I've inherited a very large and very messy database recently and need to clean it up. To give some idea of size, the primary database currently contains 3 big tables each with around 300 million rows and takes up about 225GB storage space. Over 5 million rows are added each day.

Because of a critical disk space shortage (predecessor did not archive old data or manage it's size at all), I was forced to delete about 280 million rows from the largest table. This process took over 25 hours to complete and the database needed to be cut off from customer-facing applications during that time.

Now, I need to reindex the table because selects and inserts take a very long time. However, I can't just take the database offline indefinitely, I need to be able to estimate the amount of time needed to perform the reindex. I have never reindexed a table so large before, so I don't really have any good reference points to draw upon.

The primary table includes a clustered, monotonically-increasing primary key, and a non-unique non-clustered key as well. I have plenty of disk space available to perform the reindex.
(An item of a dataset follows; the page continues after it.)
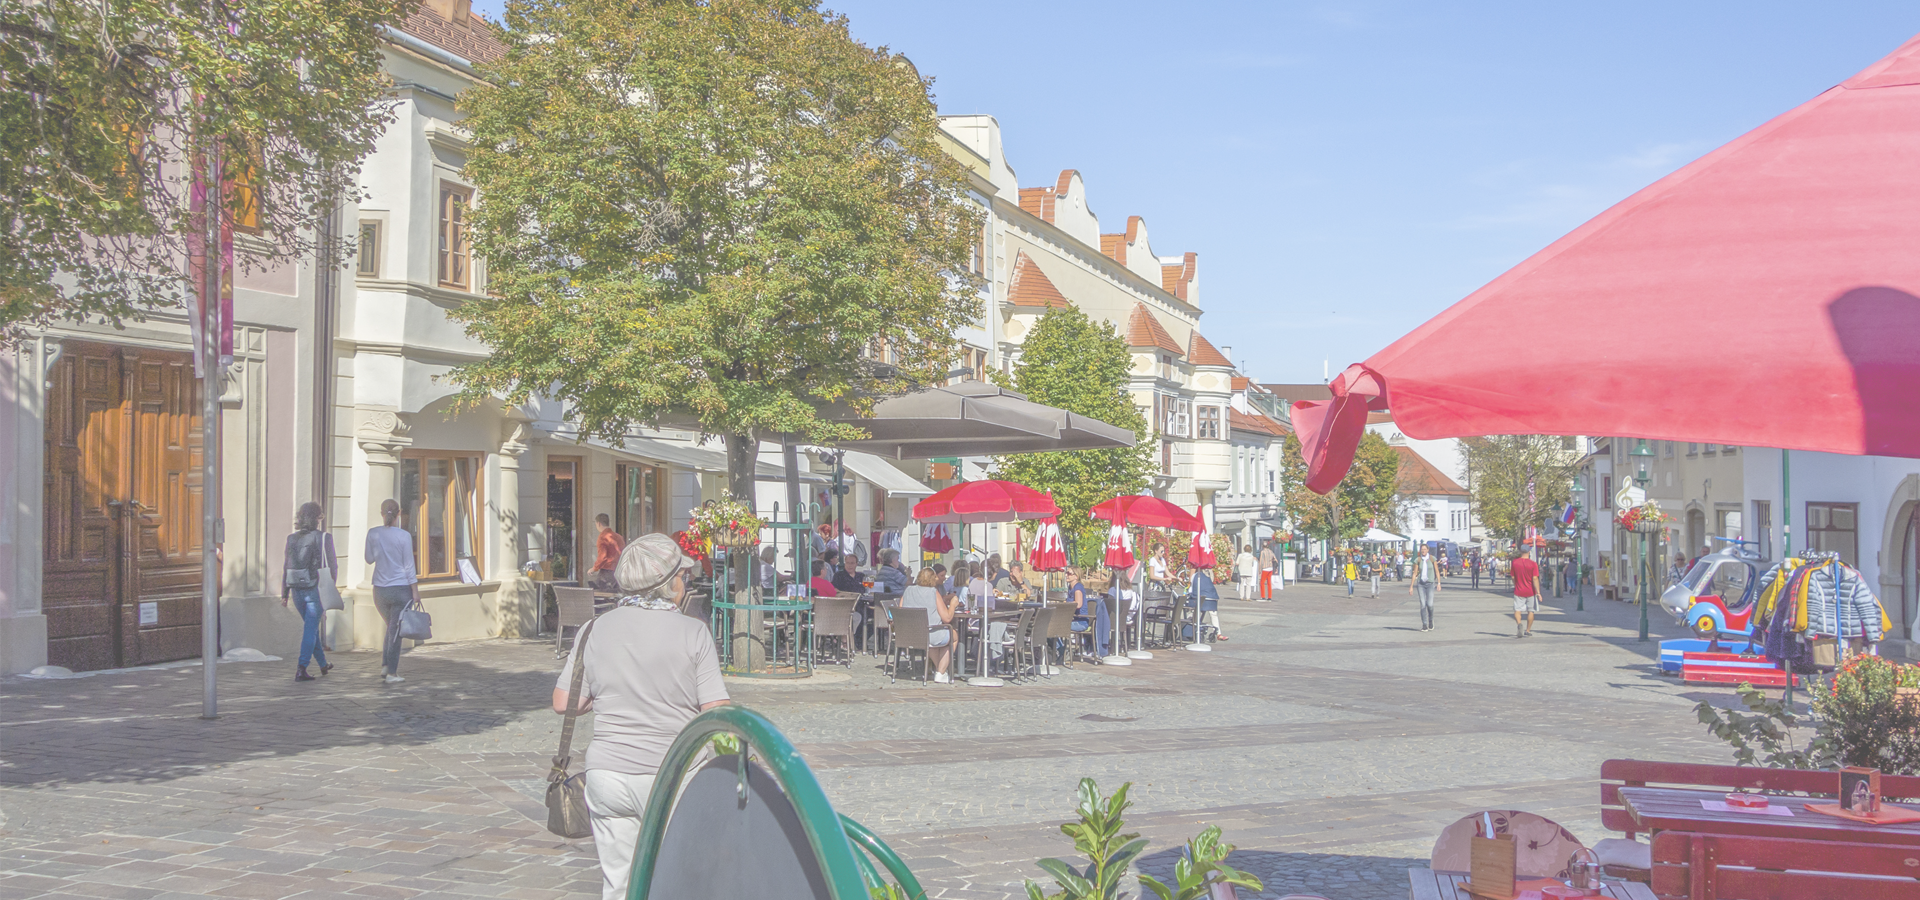 Peer-to-peer advisory in Eisenstadt, Burgenland, Austria

So my question is this: About how long do people thing this will take me? What is a good rule of thumb for estimating reindexing time?

Whiteknight
  • 183
  • 1
  • 1
  • 5
  • 1
    Why not take a current back up of the database, restore it to a lab machine of somewhat similar specs, and try it? – user6373 Nov 12 '09 at 17:47
  • 1
    that's a good question. The problem is that I don't have a spare machine available with enough muscle to try it. It's going to take 225GB of storage to hold the replicated database and (I'm estimating) up to another 100GB of storage for the log. The database server is pretty beefy (2 quad core xeons, 16GB RAM, etc) and no other machines I have available are even close to that. So any experimental will be "slower, but I'm not sure how much slower", which isn't really a good answer and isn't something I'm going to take the time to learn. – Whiteknight Nov 12 '09 at 18:12

4 Answers4

3

Have you actually checked how fragmented your tables / indexes are? Try running the following query against the database(the query runs on SQL2005 or above). Note this query will impact your server and should be run at a quiet time:

SELECT    OBJECT_NAME(i.OBJECT_ID) AS TableName,
        i.name AS IndexName,
        indexstats.avg_fragmentation_in_percent
FROM    sys.dm_db_index_physical_stats(DB_ID(), NULL, NULL, NULL, 'LIMITED') indexstats
        INNER JOIN sys.indexes i ON i.OBJECT_ID = indexstats.OBJECT_ID
    AND i.index_id = indexstats.index_id

You can selectively reindex the tables/indexes which are most fragmented.

SuperCoolMoss
  • 1,252
  • 11
  • 20
1

Any database operation is highly dependant on the hardware you are running it on.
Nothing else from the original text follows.